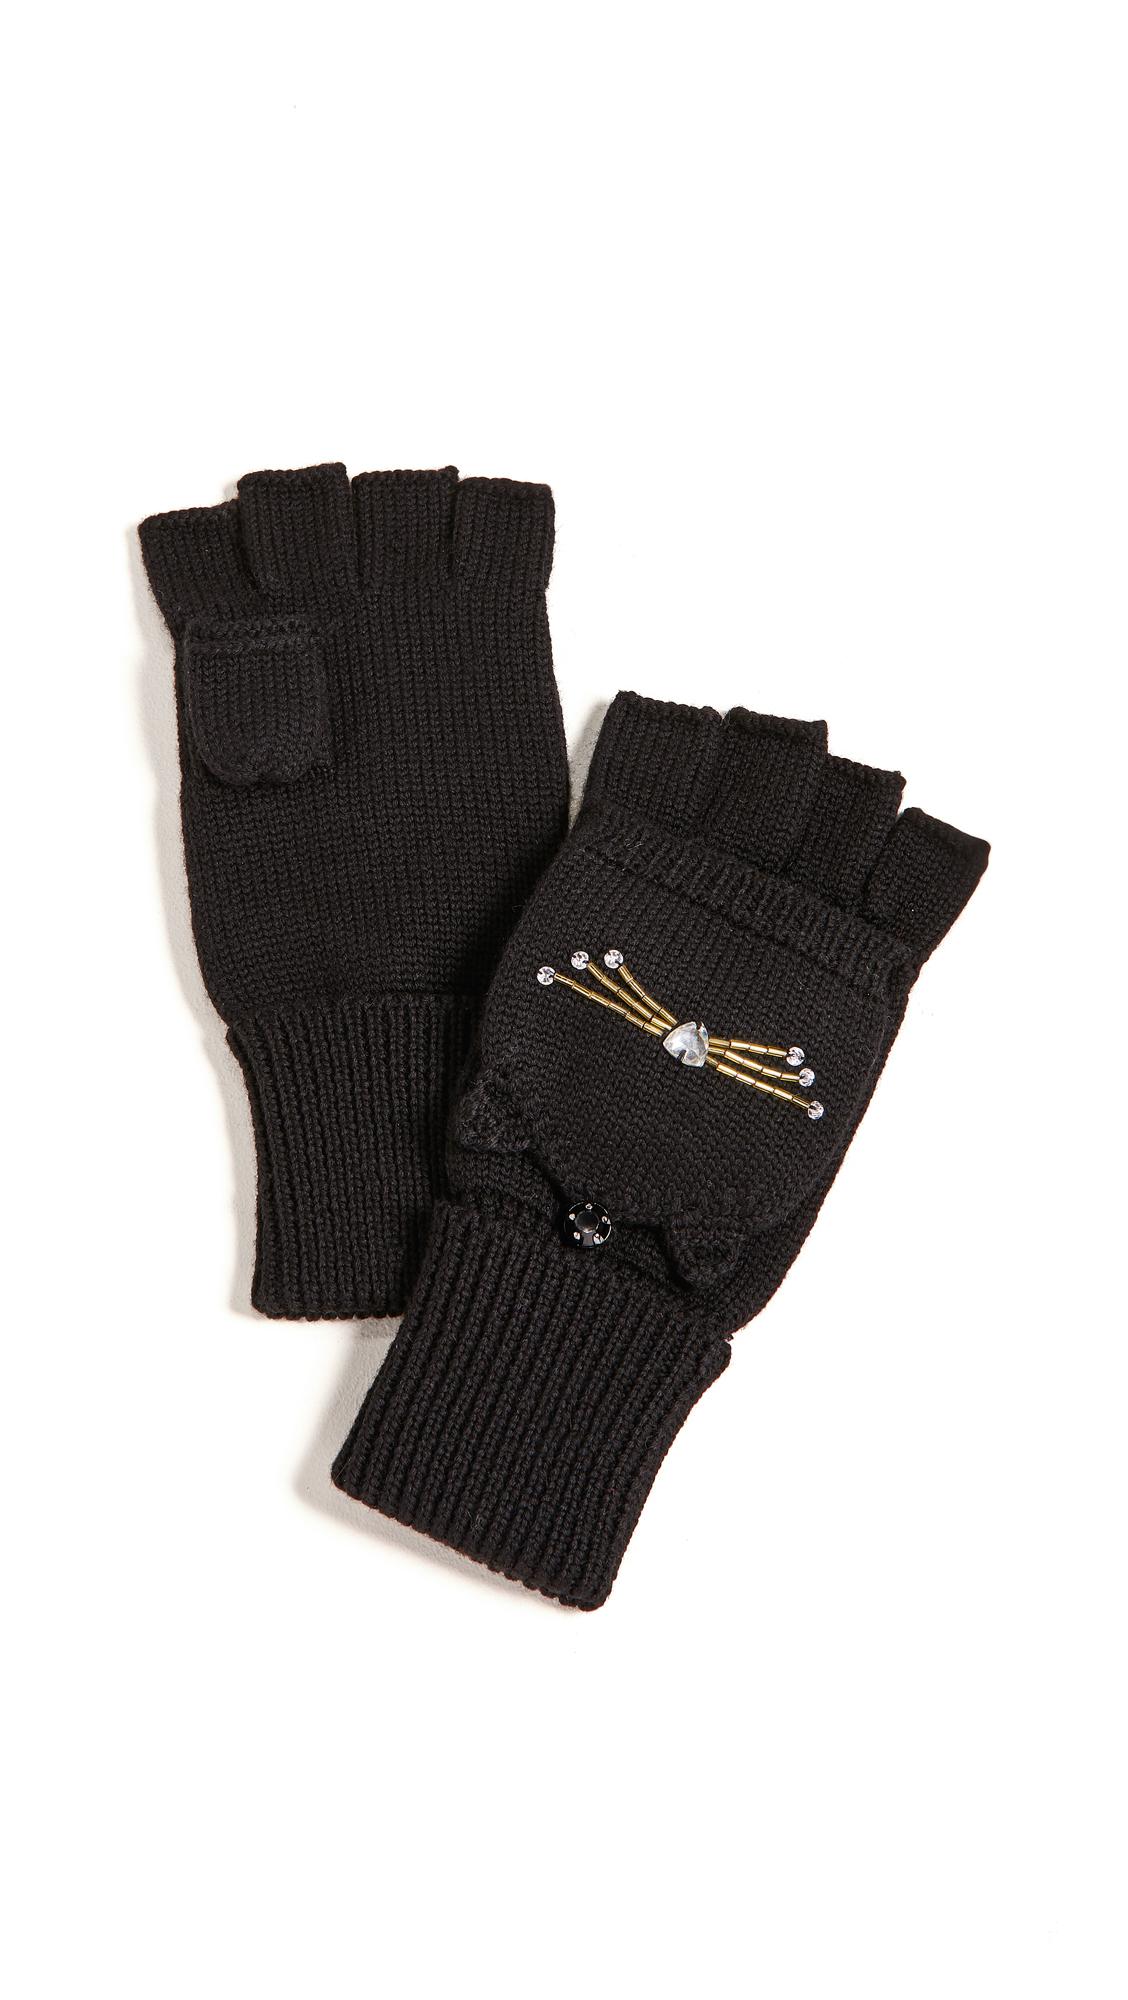 Kate Spade New York Embellished Cat Pop Top Mittens In Black
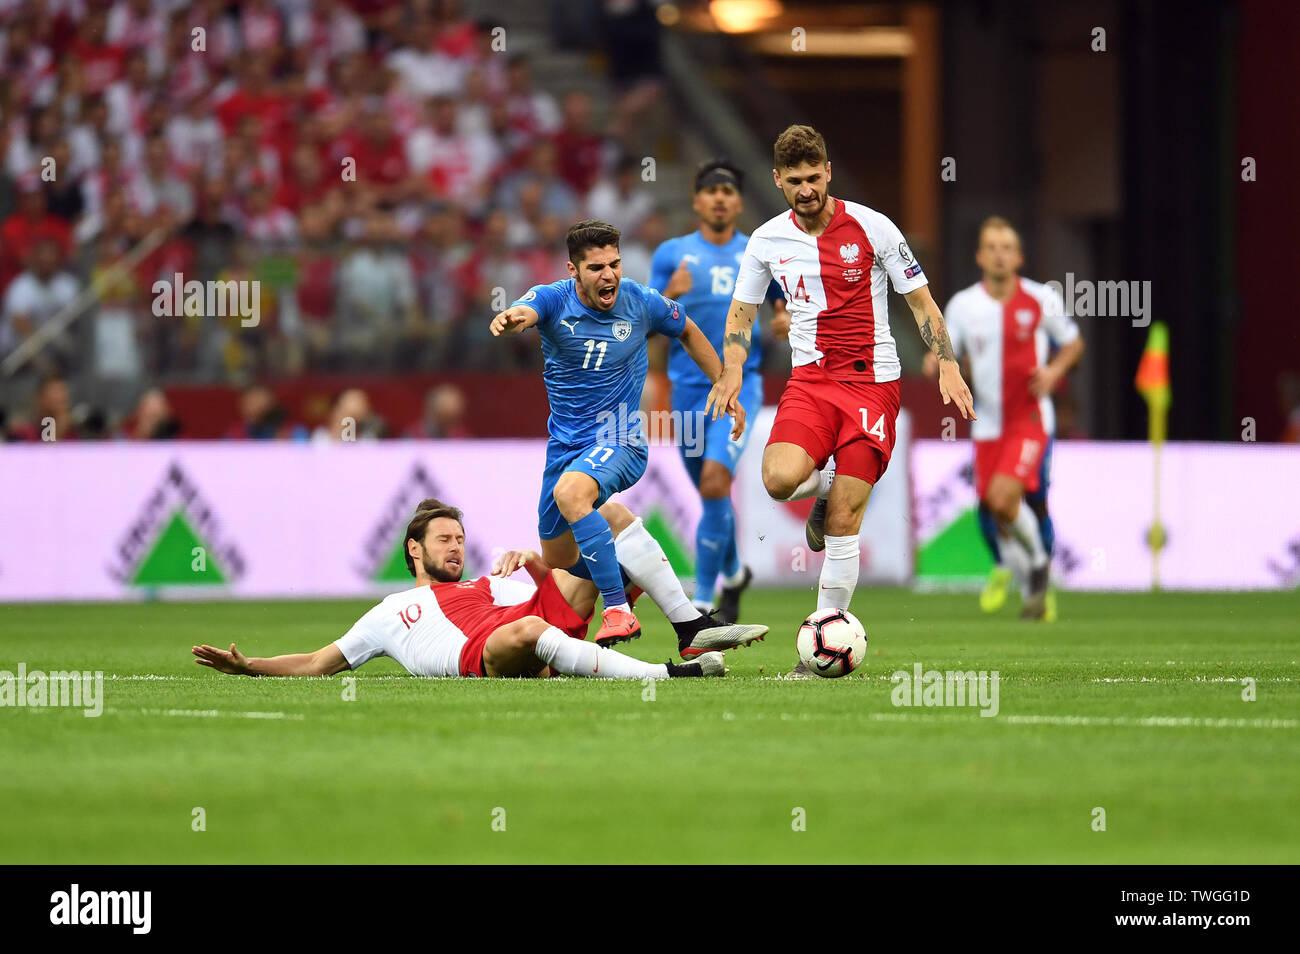 Warsaw, Poland, June 10, 2019: EURO 2020 qualifing round, group stage, Poland wins 4:0 with Izarel on PGE Narodowy. Grzegorz Krychowiak (Poland) Manor Solomon (Izrael) Mateusz Klich (Poland) - Stock Image
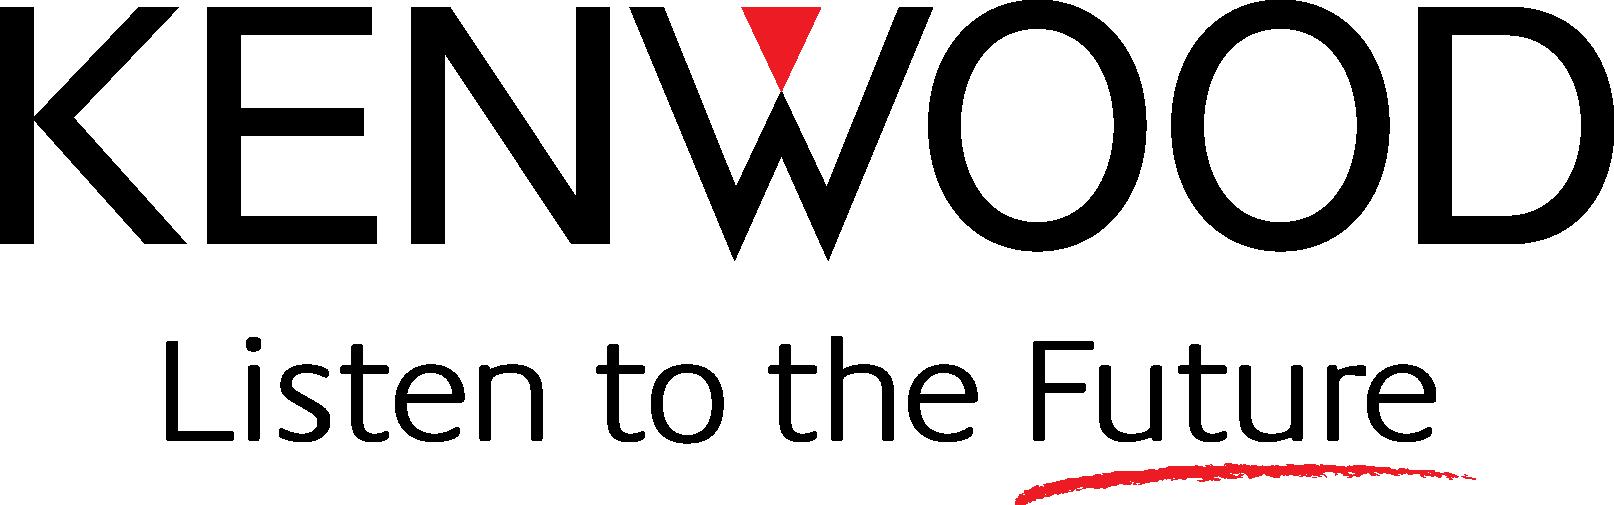 Kenwood-logo_vector

WHAT YOU SHOULD DO
Copy out the listing word for word and skip its pictures.

WRITTEN REPLY
 Kate Spade New York Embellished Cat Pop Top Mittens In Black
 Warsaw, Poland, June 10, 2019: EURO 2020 qualifing round, group stage, Poland wins 4:0 with Izarel on PGE Narodowy. Grzegorz Krychowiak (Poland) Manor Solomon (Izrael) Mateusz Klich (Poland) - Stock Image
 Kenwood-logo_vector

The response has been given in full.